To make the current setup even remotely inclusive, the Taliban will have to include individuals that do not entirely see eye to eye with them politically or ideologically. The Taliban need to include individuals, both men and women, who have different notions of the nature of state, its relationship to the citizens, and how the country should be governed.
Practically, I understand that there are two reasons why the expectation that the Taliban would embrace such individuals and groups may sound misplaced: One, the Taliban are vehemently ideological, and as noted, they find it harder to make an ideological compromise. And two, they returned to power after a bloody war that pitted Afghans against Afghans and many people who should be included in the setup are viewed as bitter enemies by the Taliban. Nevertheless, the whole idea of discussion and formation of an inclusive government is premised on the apparent bafflement of the Taliban on what inclusivity might actually mean.

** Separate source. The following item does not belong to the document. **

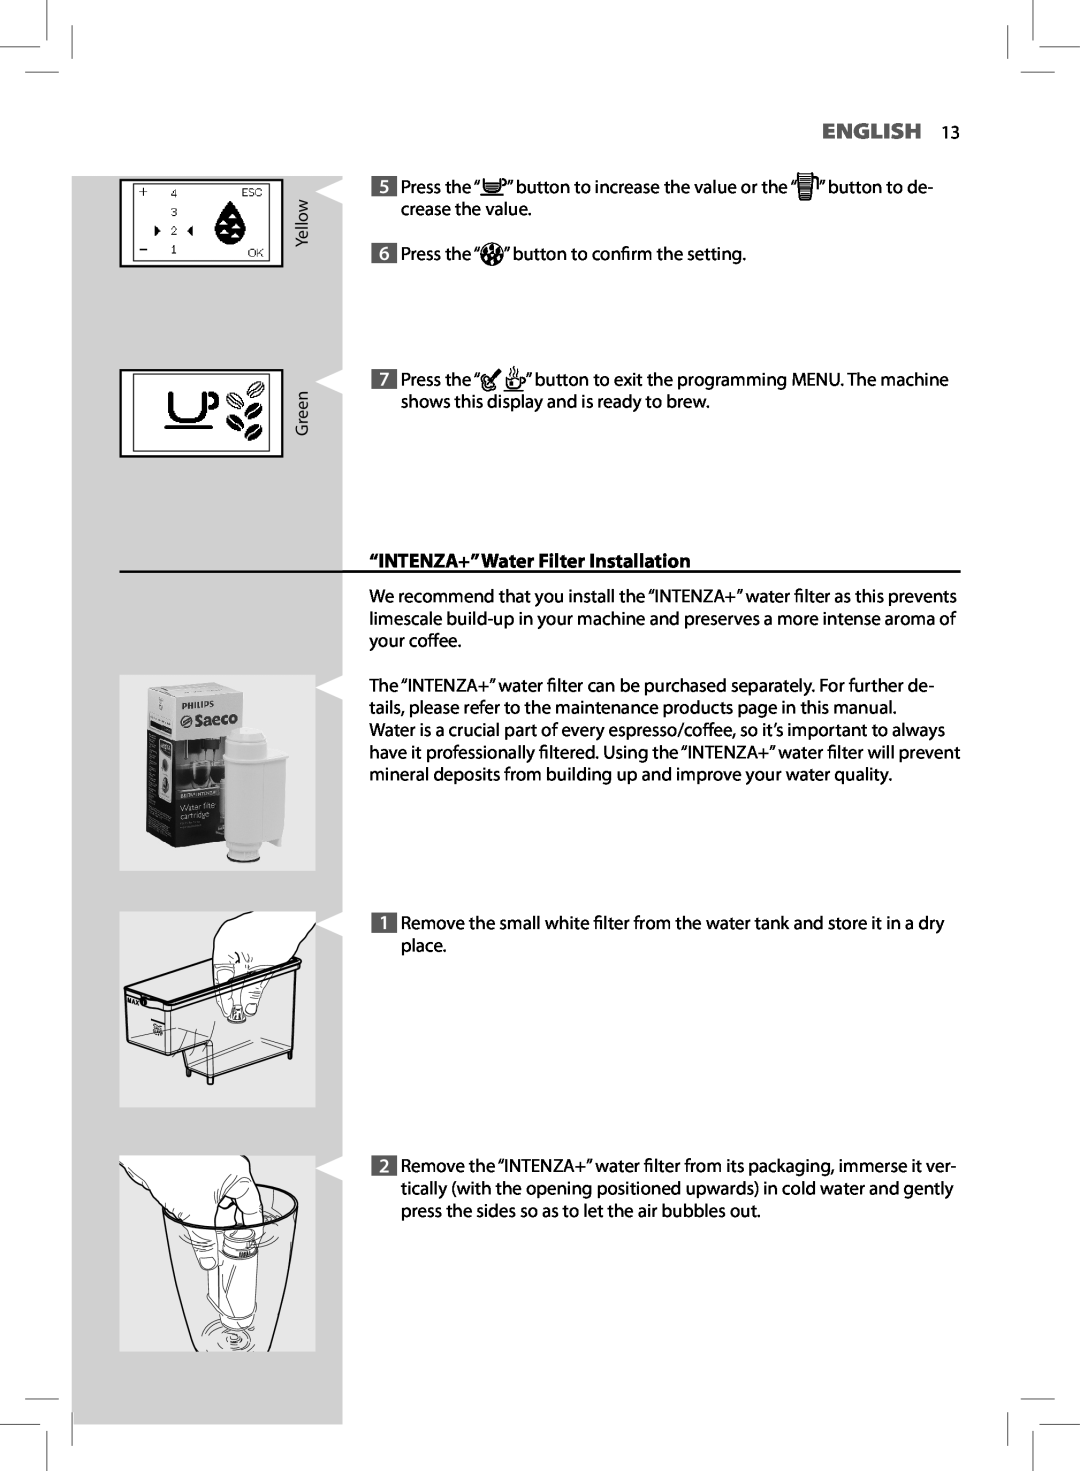 Saeco Coffee Makers HD8775 user manual English, “INTENZA+”Water Filter Installation 
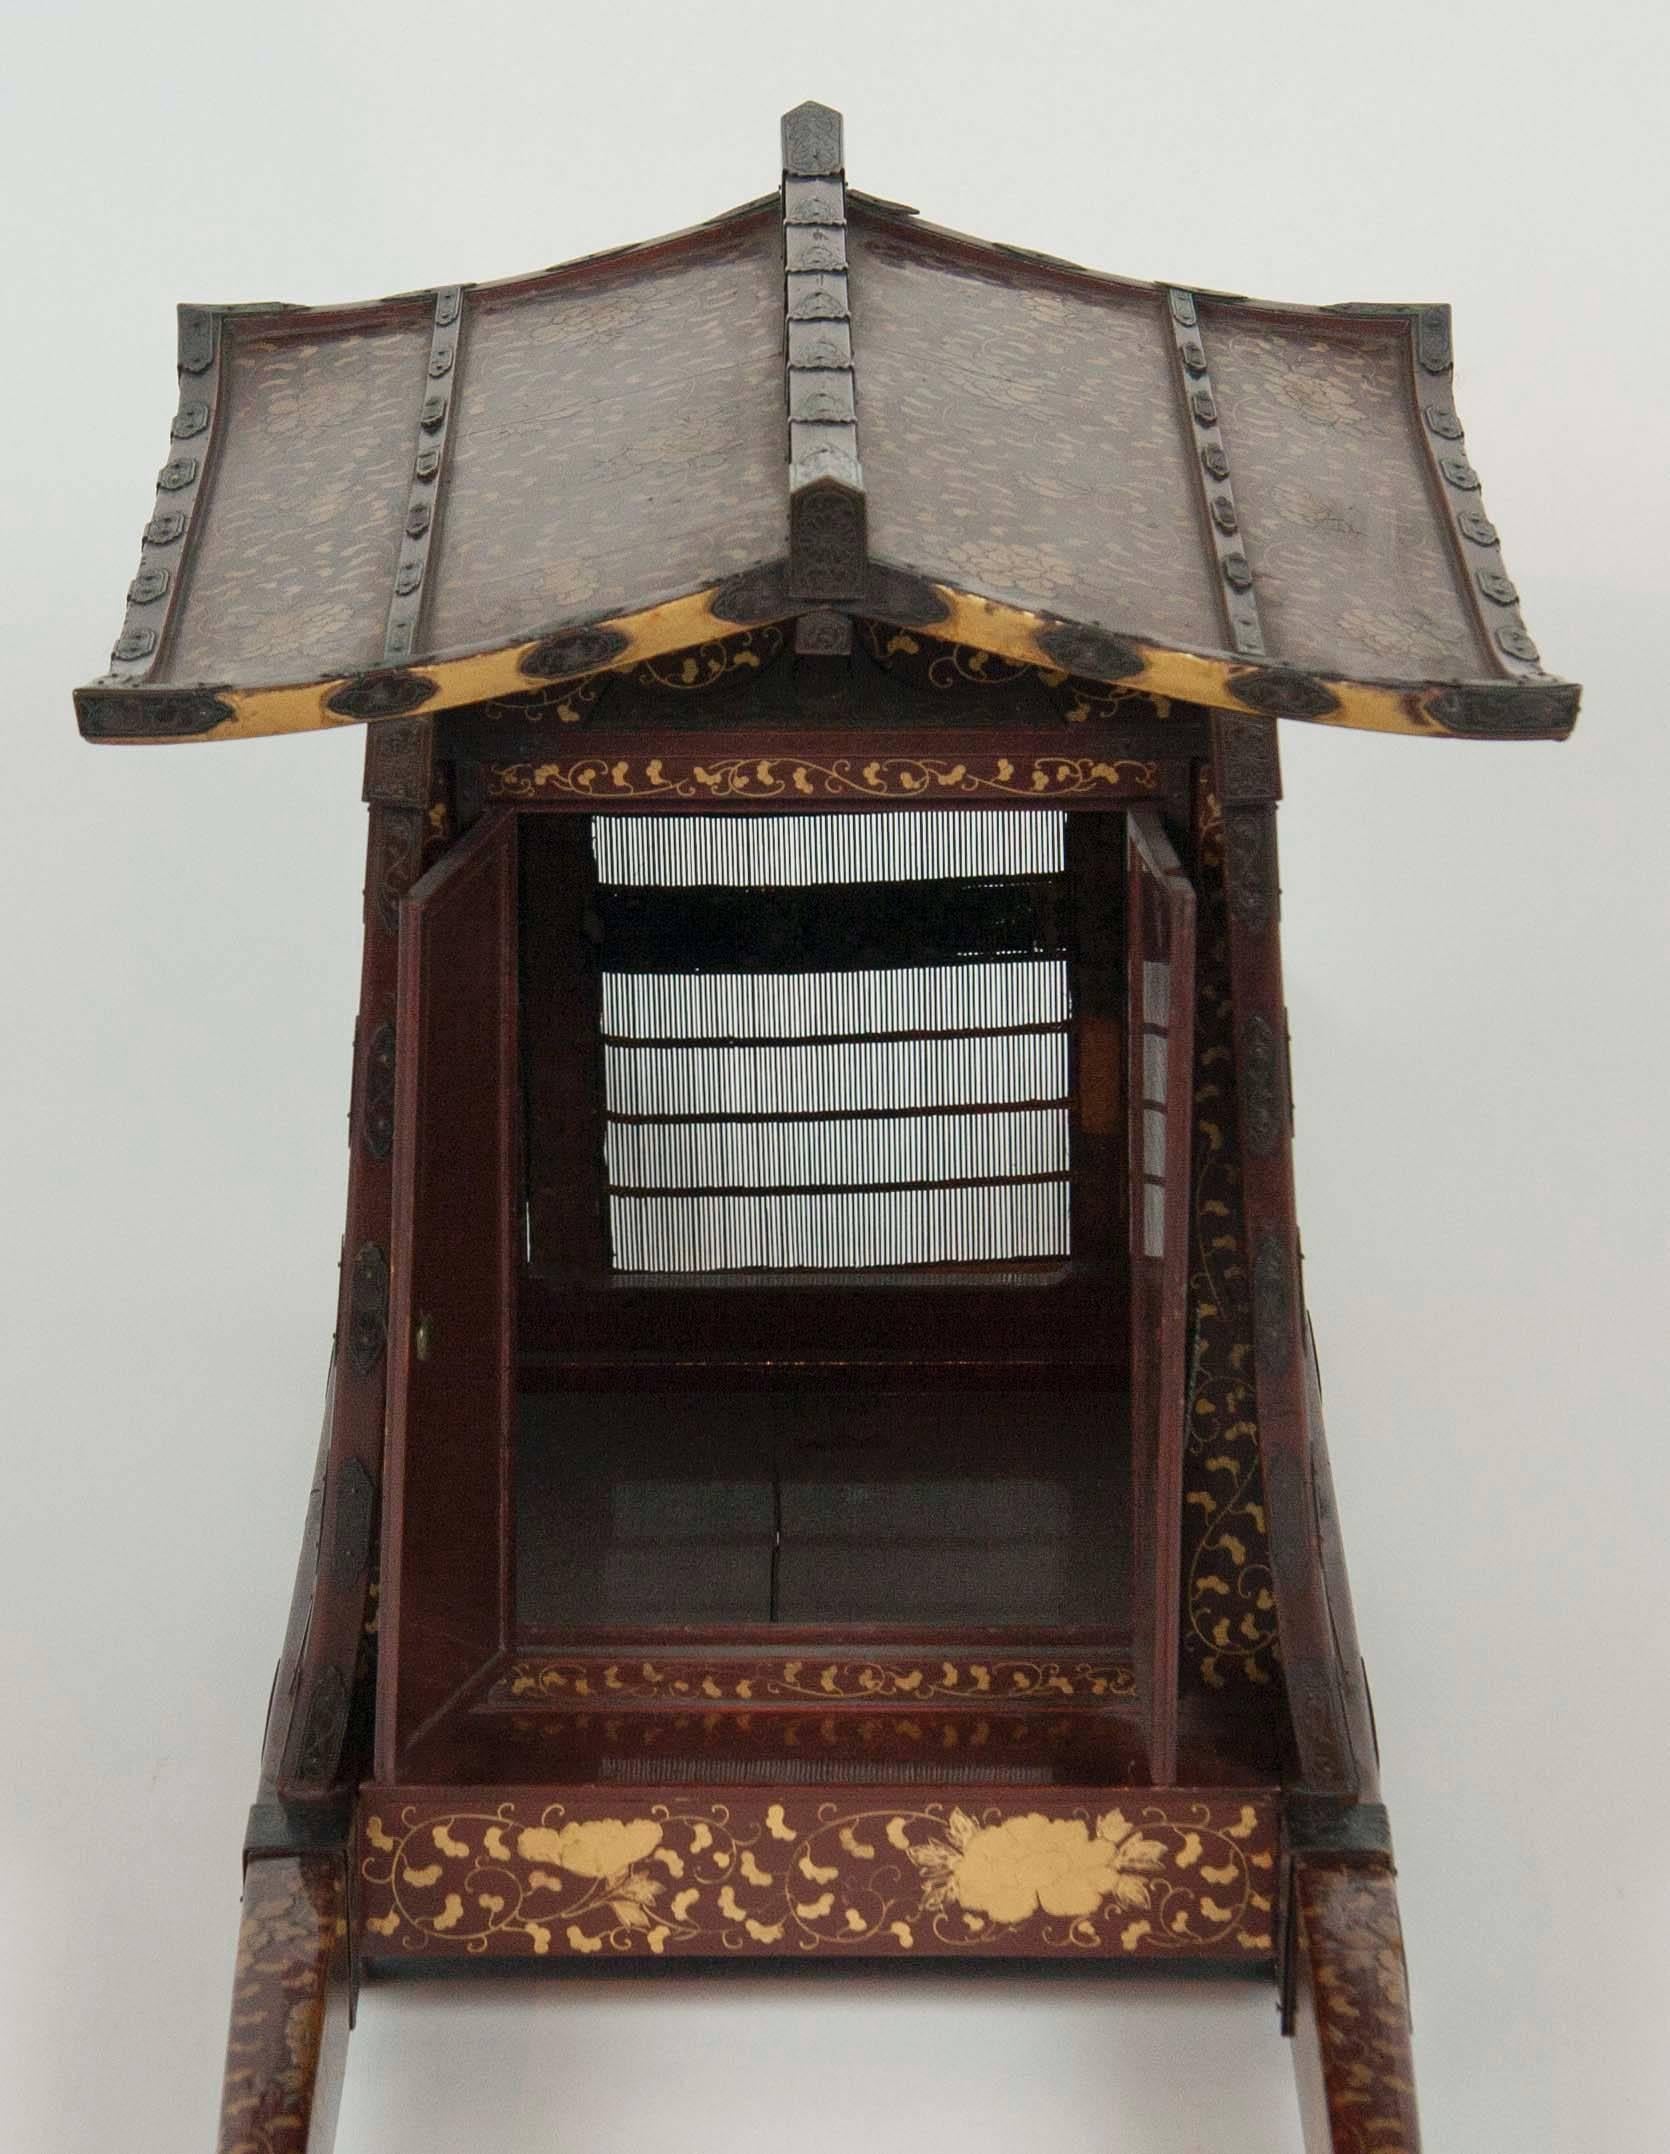 Japanese Edo-Meiji Period Lacquered Palanquin In Good Condition For Sale In Stamford, CT

To a question regarding including such ideologically and politically diverse groups, Foreign Minister Muttaqi stated that there are no governments in the world that include opposition figures. He asked, rhetorically, whether President Biden would “give a seat to president Trump (and his cabinet members)?” At a rhetorical level and targeted at a subscribing audience, such assertion does sound fair. However, such an argument does not hold the scrutiny of political reality or simple logic for at least three reasons: one, the parties and groups in the systems, that the Taliban leadership use as example, agree to the rules of the transfer of power. The Taliban came to power disrupting the existing rules of transition of power. Therefore, it is only fair that the other groups are given a role in the political setup.
Two, in countries that the Taliban leadership uses as examples, even when a group is out of government, they are not entirely excluded from the system. To go back to Foreign Minister Muttaqi’s example of choice, the Republican Party is actively holding Biden’s feet to fire on every issue.
Third and most important, rather than comparing themselves with how the Western states are governed, the Taliban should revitalize the Afghan traditions of consultative and participatory governance.